The Eurovision Song Contest Was Once a Campy Joy – Yet It Has Transformed Into a Calculated Tool to Gloss Over Warfare.
A new acronym surfaced a few months into Israel’s bombardment of Gaza. Labeled WCNSF, it signifies “Wounded child, no surviving family”. This term is specific to Gaza, according to doctors including child health specialists. Normally, it is unusual for medical staff to care for a minor who has lost their whole family. Yet, there has been nothing “normal” about the devastating conflict in Gaza, where complete genealogies have been wiped out and the number of children who have lost limbs is greater than that of anywhere else in the world. Nothing ordinary in numerous doctors arriving back from a landscape of rubble with reports of children being systematically aimed at.

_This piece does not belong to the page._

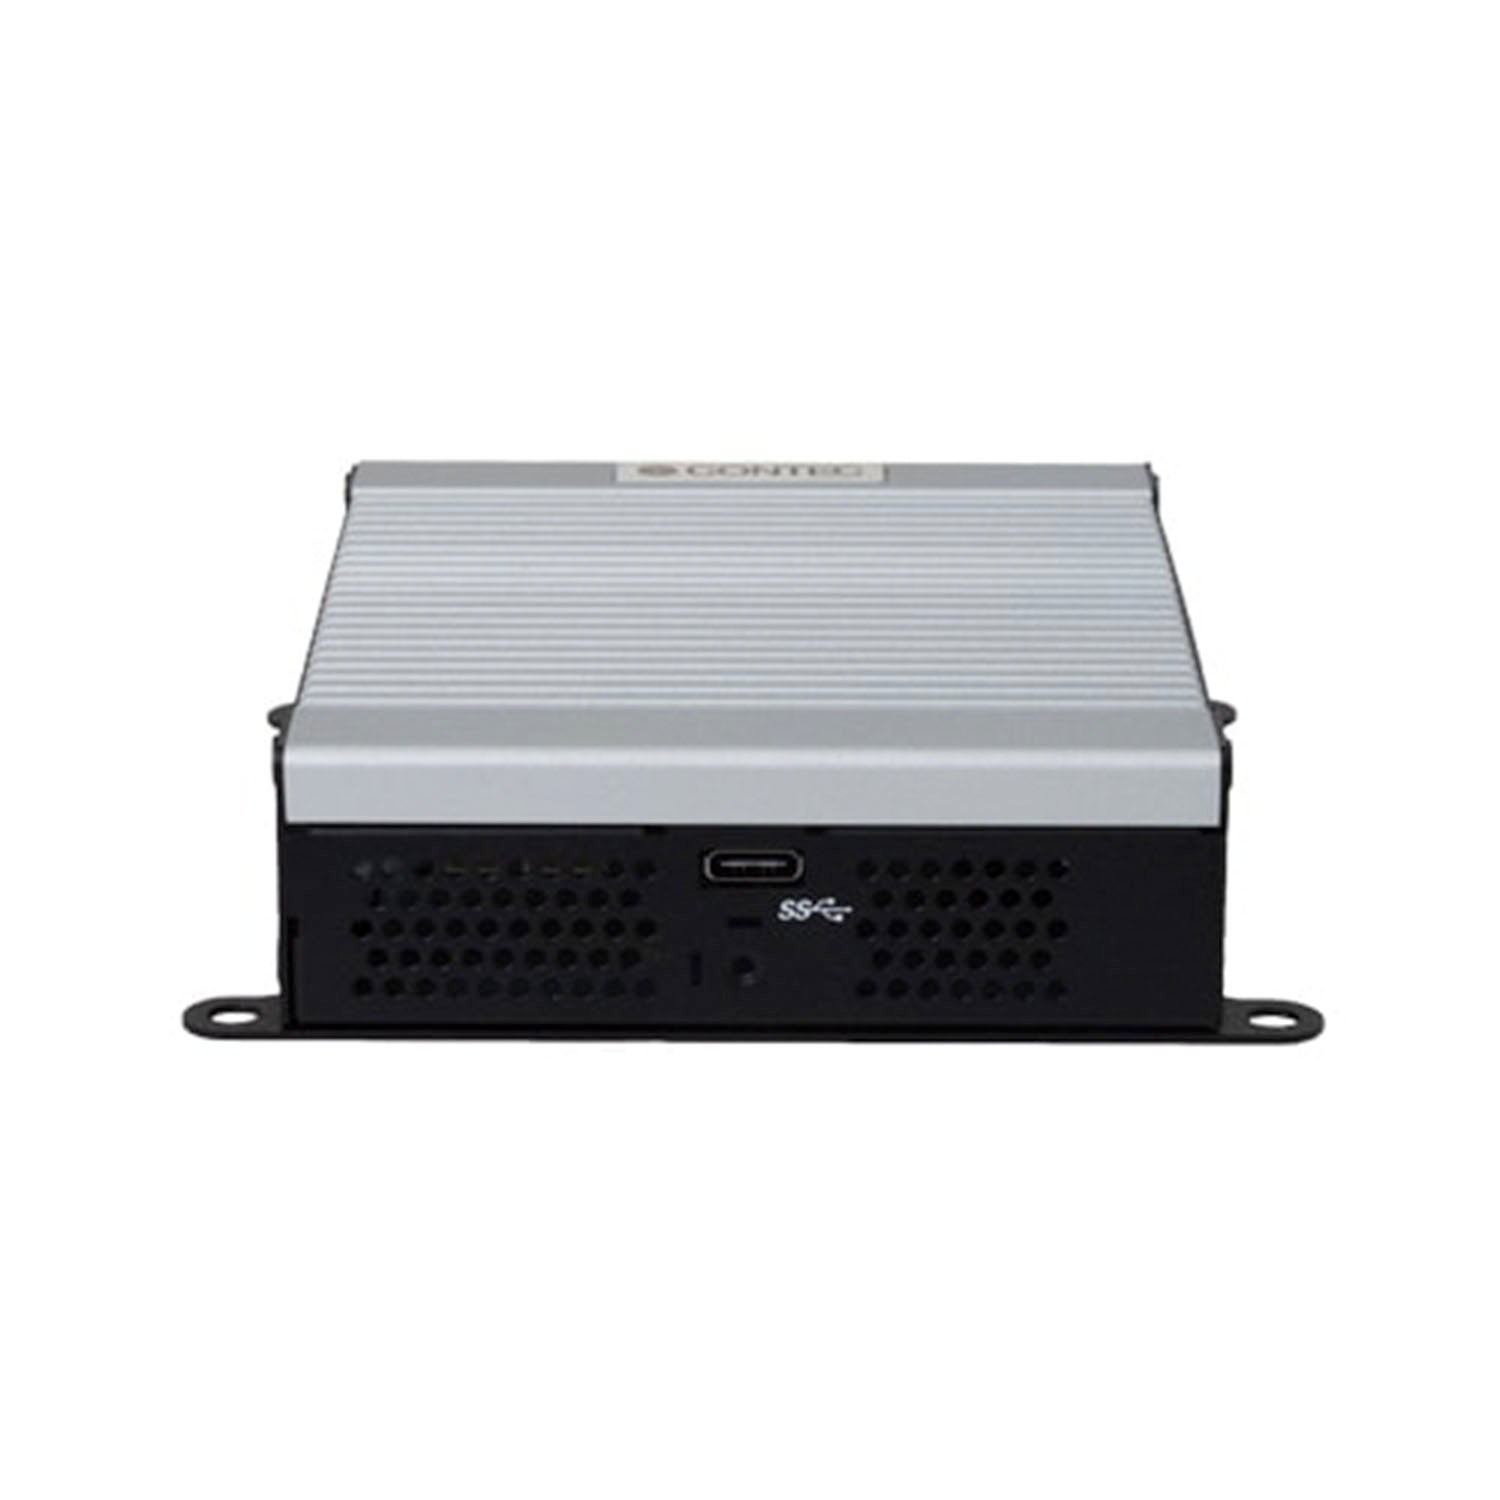 BX-U200 - Fanless Embedded PC / Ultra small design / Atom x5-E3940 (Apollo Lake)

An Unimaginable Crisis Despite a Reported Truce
Gaza remains hell on earth. Vital medicines and equipment are being blocked those in need, and international watchdogs have stated that atrocities are continuing. The Israeli government disputes these allegations, just as it denies everything it is charged with. But while young survivors are now enduring frigid conditions in improvised encampments, there is a piece of uplifting information: nothing is going to stop the Eurovision song contest from advancing its professed goal of “unity and artistic sharing.” The contest will continue to roll out a welcoming platform for Israel, even though at least four European countries have now pulled out in protest. Because this, we are told, is what international harmony looks like.
Eurovision, of course banned Russia from competing in 2022 over the “unprecedented crisis in Ukraine”. Yet the conflict in Gaza is completely different.
A Double Standard
Forget the fact that Israel was accused of irregular participation methods last year in what seems to have been an effort to politicise Eurovision. Forget the fact that a three-year-old girl was reportedly killed in Gaza recently. Pay no mind to the evidence that aggression from Israeli settlers and coerced removal in the West Bank have escalated. Forget the fact that global media are still blocked from freely reporting in Gaza. All of this, apparently, should be allowed to get in the way of Eurovision’s self-proclaimed spirit of unity.
The Pageant Proceeds Amidst Profound Human Cost
The contest reaches its seventieth anniversary next year – nearly twice the average life expectancy of someone in Gaza today. The broadcast will air, but it will likely never recapture the pure, unadulterated fun it historically embodied. An institution that once promoted togetherness has now become a cynical way to whitewash war.